**EXERCISE DATA**
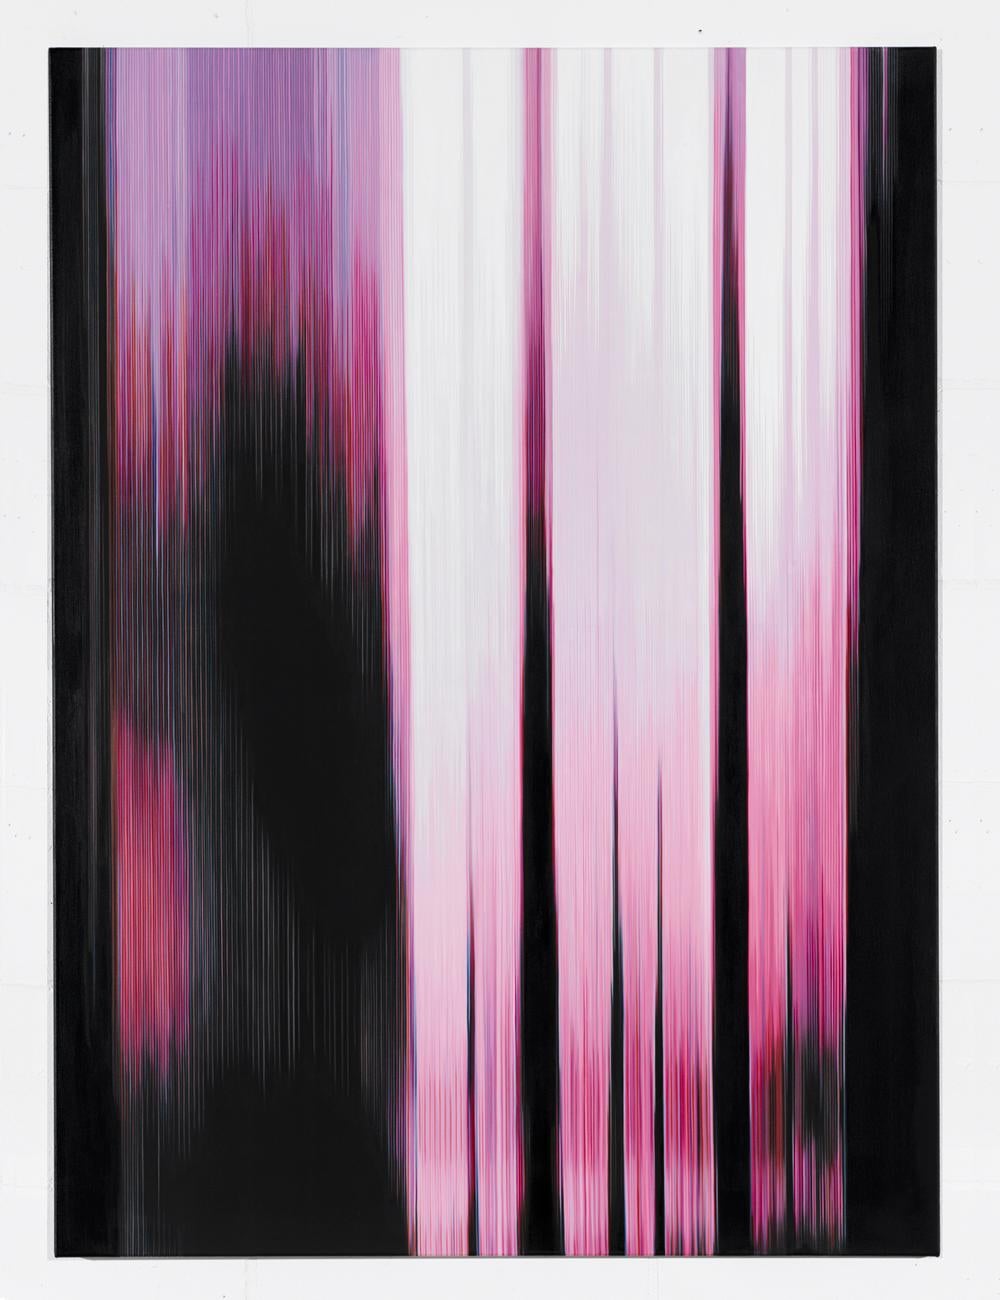 Pink Painting (Abbildung Nr. 1) ist ein einzigartiges Gemälde der deutschen zeitgenössischen Künstlerin Doris Marten in den Maßen 150 cm x 110 cm, Öl auf Baumwolle.

Das Kunstwerk ist signiert, wird ungerahmt verkauft und wird mit einem
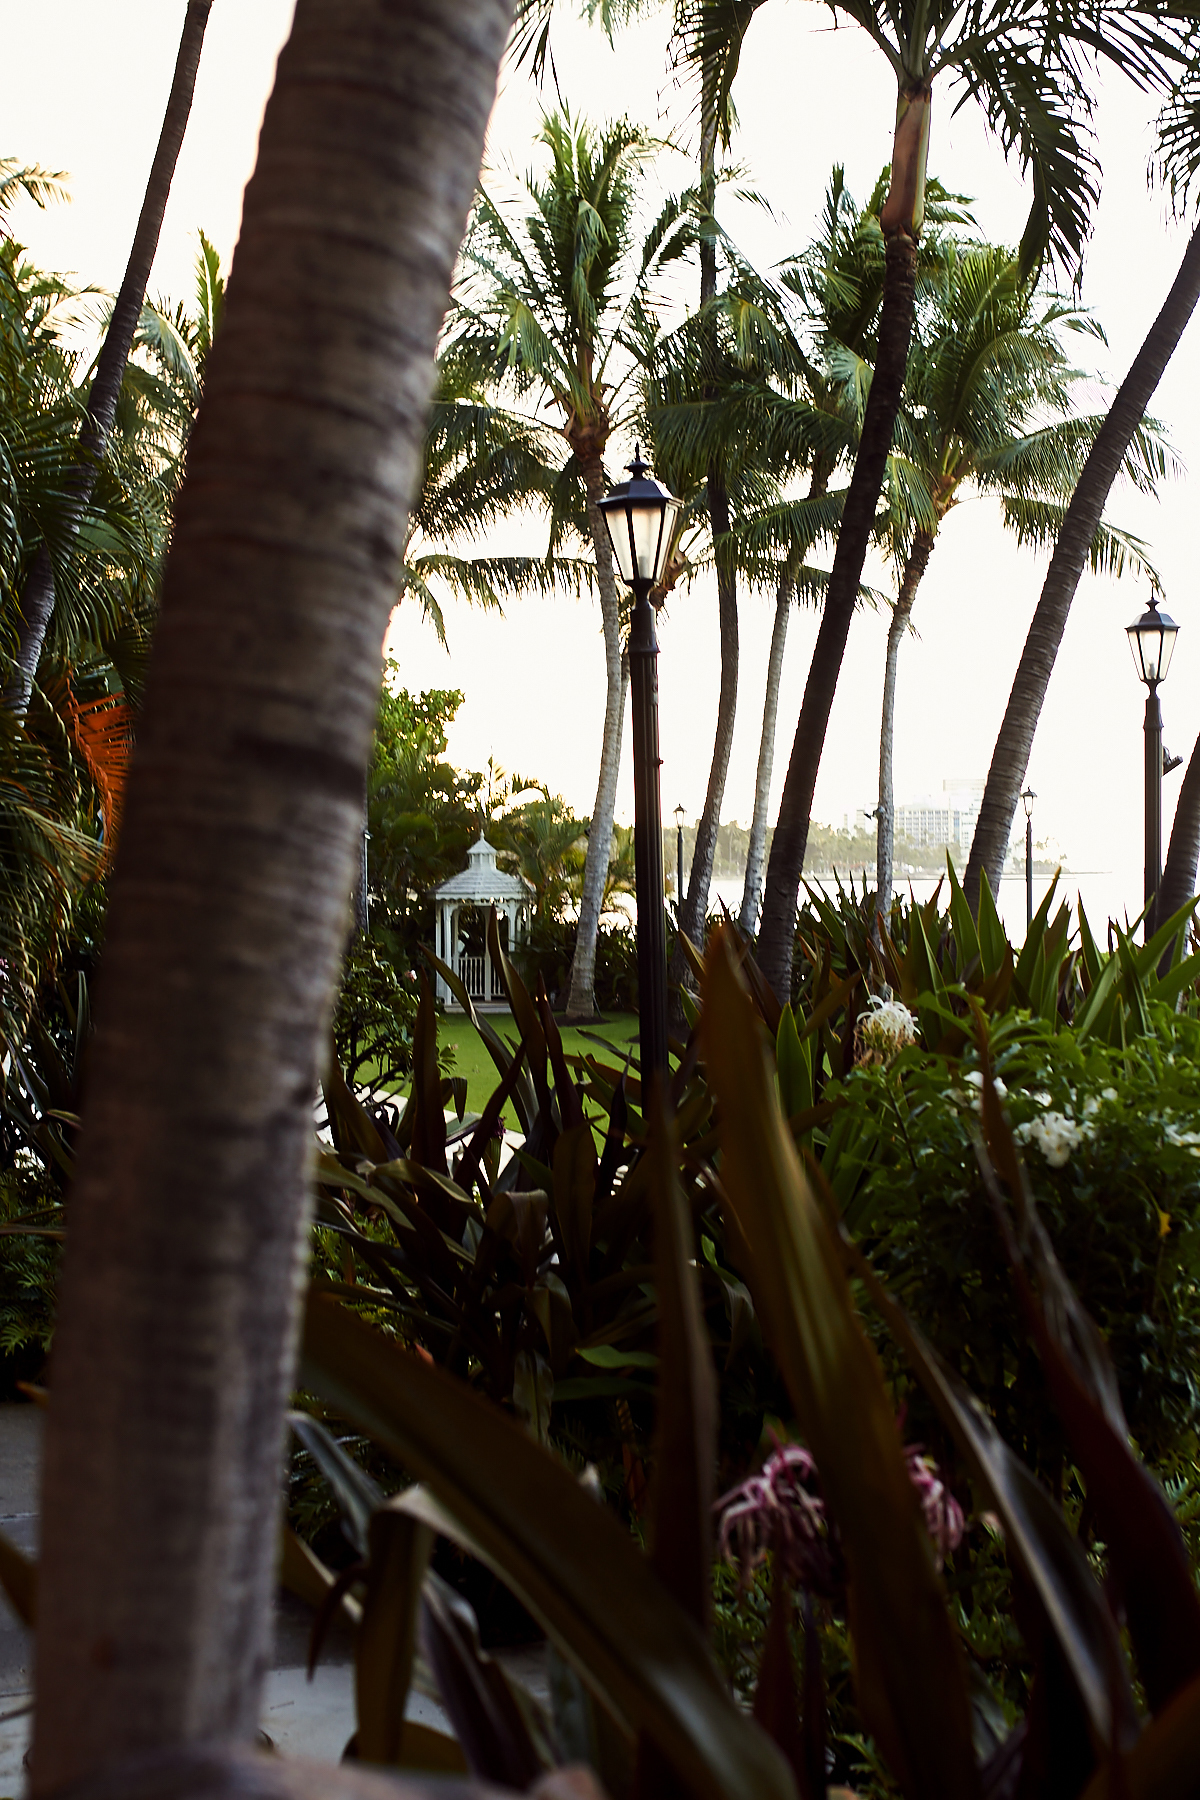 Moana Surfrider Hotel, Waikiki Beach Hawaii

**WHAT THE TASK REQUIRES**
Pictures in the data above should not be copied; transcribe everything else exactly.

**REPLY**
 Pink Painting (Abbildung Nr. 1) ist ein einzigartiges Gemälde der deutschen zeitgenössischen Künstlerin Doris Marten in den Maßen 150 cm x 110 cm, Öl auf Baumwolle.

Das Kunstwerk ist signiert, wird ungerahmt verkauft und wird mit einem
 Moana Surfrider Hotel, Waikiki Beach Hawaii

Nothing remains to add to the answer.